[Source records]
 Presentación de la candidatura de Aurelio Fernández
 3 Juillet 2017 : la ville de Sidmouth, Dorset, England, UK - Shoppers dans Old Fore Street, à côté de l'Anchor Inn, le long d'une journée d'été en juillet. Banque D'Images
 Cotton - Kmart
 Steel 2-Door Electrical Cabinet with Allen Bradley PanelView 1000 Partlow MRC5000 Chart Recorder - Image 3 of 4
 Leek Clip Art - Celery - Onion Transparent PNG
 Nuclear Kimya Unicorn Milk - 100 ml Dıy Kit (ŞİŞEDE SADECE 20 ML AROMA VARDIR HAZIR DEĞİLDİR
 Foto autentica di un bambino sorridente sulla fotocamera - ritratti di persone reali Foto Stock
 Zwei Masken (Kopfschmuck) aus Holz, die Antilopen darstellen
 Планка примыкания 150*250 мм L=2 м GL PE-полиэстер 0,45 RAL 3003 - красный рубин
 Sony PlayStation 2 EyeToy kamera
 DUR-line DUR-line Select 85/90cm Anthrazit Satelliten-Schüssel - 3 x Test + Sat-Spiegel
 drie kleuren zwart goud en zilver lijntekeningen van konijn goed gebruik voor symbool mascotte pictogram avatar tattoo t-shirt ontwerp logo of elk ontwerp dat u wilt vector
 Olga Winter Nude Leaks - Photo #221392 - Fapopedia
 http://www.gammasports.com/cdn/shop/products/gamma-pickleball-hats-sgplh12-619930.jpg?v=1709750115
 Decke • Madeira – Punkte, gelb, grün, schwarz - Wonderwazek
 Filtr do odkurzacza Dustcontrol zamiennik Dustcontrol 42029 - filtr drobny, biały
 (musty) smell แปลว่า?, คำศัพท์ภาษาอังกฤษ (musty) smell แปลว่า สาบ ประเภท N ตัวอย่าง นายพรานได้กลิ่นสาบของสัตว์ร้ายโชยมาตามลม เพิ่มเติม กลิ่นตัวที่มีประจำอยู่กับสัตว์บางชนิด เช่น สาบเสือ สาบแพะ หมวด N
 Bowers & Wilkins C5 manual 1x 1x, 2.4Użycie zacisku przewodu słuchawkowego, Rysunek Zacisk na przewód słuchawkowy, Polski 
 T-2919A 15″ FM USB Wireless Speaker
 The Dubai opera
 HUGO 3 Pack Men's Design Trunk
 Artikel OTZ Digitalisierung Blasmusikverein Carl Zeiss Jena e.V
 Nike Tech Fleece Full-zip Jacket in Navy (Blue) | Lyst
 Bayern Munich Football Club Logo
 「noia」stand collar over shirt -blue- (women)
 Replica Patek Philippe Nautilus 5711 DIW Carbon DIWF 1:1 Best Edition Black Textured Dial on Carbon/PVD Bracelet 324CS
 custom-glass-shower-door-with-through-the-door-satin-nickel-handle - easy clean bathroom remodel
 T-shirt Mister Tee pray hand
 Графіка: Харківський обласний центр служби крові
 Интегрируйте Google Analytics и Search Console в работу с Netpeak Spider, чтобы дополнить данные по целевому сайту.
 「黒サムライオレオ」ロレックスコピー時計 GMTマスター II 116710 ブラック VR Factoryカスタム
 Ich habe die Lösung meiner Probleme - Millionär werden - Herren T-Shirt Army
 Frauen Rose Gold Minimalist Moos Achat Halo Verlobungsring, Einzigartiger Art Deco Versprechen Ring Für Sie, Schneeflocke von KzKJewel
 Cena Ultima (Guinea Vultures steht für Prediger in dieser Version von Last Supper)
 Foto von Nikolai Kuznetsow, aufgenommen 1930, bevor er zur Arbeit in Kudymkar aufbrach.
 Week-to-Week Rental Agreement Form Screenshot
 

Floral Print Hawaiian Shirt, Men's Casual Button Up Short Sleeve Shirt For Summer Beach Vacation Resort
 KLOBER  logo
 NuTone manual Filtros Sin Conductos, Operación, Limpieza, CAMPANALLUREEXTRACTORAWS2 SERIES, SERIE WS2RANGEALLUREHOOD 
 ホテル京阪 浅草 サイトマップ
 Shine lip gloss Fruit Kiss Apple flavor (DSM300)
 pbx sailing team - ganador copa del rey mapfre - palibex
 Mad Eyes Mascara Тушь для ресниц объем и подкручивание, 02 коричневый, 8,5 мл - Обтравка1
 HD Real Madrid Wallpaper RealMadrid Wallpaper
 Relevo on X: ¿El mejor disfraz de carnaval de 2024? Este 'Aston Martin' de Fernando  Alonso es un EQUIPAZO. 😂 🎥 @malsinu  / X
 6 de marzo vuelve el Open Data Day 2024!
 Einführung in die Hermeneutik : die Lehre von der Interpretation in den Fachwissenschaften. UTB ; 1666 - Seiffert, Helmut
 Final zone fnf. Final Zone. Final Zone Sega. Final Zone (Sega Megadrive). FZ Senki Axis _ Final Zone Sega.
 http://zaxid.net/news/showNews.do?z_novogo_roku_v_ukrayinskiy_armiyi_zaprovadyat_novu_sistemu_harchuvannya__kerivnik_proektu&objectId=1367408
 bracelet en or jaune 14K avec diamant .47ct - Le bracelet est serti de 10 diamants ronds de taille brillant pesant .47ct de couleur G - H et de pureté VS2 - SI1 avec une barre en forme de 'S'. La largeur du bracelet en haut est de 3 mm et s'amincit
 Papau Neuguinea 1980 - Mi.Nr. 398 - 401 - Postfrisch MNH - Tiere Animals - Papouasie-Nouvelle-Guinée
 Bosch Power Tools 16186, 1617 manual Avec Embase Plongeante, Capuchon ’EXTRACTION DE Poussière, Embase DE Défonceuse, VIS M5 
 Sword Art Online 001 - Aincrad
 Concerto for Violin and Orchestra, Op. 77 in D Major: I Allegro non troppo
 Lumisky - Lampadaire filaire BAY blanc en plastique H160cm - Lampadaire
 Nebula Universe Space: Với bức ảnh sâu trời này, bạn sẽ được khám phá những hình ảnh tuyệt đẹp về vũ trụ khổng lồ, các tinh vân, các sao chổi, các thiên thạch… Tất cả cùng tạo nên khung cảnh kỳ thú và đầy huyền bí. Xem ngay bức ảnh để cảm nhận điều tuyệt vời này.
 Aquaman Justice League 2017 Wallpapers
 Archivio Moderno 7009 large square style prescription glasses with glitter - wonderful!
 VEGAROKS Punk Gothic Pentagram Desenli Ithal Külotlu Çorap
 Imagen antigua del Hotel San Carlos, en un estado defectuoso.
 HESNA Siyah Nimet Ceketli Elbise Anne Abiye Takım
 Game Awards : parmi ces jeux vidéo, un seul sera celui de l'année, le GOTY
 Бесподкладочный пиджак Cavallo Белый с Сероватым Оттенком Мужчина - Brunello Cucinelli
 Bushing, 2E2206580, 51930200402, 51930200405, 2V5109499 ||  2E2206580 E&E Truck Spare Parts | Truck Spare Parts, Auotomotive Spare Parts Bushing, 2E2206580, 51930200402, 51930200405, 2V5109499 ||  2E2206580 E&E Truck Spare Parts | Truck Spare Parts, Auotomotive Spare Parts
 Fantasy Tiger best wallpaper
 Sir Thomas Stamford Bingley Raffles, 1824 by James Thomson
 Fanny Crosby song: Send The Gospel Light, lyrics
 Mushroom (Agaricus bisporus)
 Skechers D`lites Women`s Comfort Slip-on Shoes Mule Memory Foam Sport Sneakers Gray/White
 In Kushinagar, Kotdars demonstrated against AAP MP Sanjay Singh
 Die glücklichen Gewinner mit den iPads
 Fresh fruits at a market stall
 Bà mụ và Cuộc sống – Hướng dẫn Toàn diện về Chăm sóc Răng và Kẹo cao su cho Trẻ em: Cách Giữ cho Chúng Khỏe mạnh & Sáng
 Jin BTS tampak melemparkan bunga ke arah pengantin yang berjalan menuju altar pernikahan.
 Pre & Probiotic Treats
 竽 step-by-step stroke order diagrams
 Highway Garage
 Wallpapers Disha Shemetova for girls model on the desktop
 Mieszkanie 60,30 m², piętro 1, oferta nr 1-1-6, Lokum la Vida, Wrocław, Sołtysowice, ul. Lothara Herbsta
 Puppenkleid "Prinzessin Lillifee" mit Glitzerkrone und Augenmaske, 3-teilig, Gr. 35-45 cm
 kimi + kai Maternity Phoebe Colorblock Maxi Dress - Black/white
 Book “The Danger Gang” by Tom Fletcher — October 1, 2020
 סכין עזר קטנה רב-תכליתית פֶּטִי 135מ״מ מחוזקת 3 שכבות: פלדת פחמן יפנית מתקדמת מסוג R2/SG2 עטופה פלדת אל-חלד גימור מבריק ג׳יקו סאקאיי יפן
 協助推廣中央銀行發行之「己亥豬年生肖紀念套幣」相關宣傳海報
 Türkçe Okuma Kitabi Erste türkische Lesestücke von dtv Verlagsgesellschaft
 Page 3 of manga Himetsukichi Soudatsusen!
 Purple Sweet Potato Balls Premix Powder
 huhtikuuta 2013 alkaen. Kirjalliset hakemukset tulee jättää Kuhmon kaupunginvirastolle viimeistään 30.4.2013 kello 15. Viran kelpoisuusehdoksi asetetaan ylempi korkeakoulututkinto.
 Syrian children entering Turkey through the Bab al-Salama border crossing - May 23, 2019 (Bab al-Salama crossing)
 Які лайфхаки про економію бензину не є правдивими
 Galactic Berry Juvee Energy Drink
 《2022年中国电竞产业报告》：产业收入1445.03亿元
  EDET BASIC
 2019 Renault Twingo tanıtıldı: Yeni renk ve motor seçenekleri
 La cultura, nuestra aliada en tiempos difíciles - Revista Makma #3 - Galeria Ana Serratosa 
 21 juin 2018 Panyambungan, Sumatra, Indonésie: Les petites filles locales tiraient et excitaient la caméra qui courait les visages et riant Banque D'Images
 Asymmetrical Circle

**WHAT IS REQUIRED:**
Looking at the data above, return every line from the one with "Fantasy Tiger best wallpaper" down to the one with "Syrian children entering", exactly and inclusively.

**TASK RESPONSE:**
 Fantasy Tiger best wallpaper
 Sir Thomas Stamford Bingley Raffles, 1824 by James Thomson
 Fanny Crosby song: Send The Gospel Light, lyrics
 Mushroom (Agaricus bisporus)
 Skechers D`lites Women`s Comfort Slip-on Shoes Mule Memory Foam Sport Sneakers Gray/White
 In Kushinagar, Kotdars demonstrated against AAP MP Sanjay Singh
 Die glücklichen Gewinner mit den iPads
 Fresh fruits at a market stall
 Bà mụ và Cuộc sống – Hướng dẫn Toàn diện về Chăm sóc Răng và Kẹo cao su cho Trẻ em: Cách Giữ cho Chúng Khỏe mạnh & Sáng
 Jin BTS tampak melemparkan bunga ke arah pengantin yang berjalan menuju altar pernikahan.
 Pre & Probiotic Treats
 竽 step-by-step stroke order diagrams
 Highway Garage
 Wallpapers Disha Shemetova for girls model on the desktop
 Mieszkanie 60,30 m², piętro 1, oferta nr 1-1-6, Lokum la Vida, Wrocław, Sołtysowice, ul. Lothara Herbsta
 Puppenkleid "Prinzessin Lillifee" mit Glitzerkrone und Augenmaske, 3-teilig, Gr. 35-45 cm
 kimi + kai Maternity Phoebe Colorblock Maxi Dress - Black/white
 Book “The Danger Gang” by Tom Fletcher — October 1, 2020
 סכין עזר קטנה רב-תכליתית פֶּטִי 135מ״מ מחוזקת 3 שכבות: פלדת פחמן יפנית מתקדמת מסוג R2/SG2 עטופה פלדת אל-חלד גימור מבריק ג׳יקו סאקאיי יפן
 協助推廣中央銀行發行之「己亥豬年生肖紀念套幣」相關宣傳海報
 Türkçe Okuma Kitabi Erste türkische Lesestücke von dtv Verlagsgesellschaft
 Page 3 of manga Himetsukichi Soudatsusen!
 Purple Sweet Potato Balls Premix Powder
 huhtikuuta 2013 alkaen. Kirjalliset hakemukset tulee jättää Kuhmon kaupunginvirastolle viimeistään 30.4.2013 kello 15. Viran kelpoisuusehdoksi asetetaan ylempi korkeakoulututkinto.
 Syrian children entering Turkey through the Bab al-Salama border crossing - May 23, 2019 (Bab al-Salama crossing)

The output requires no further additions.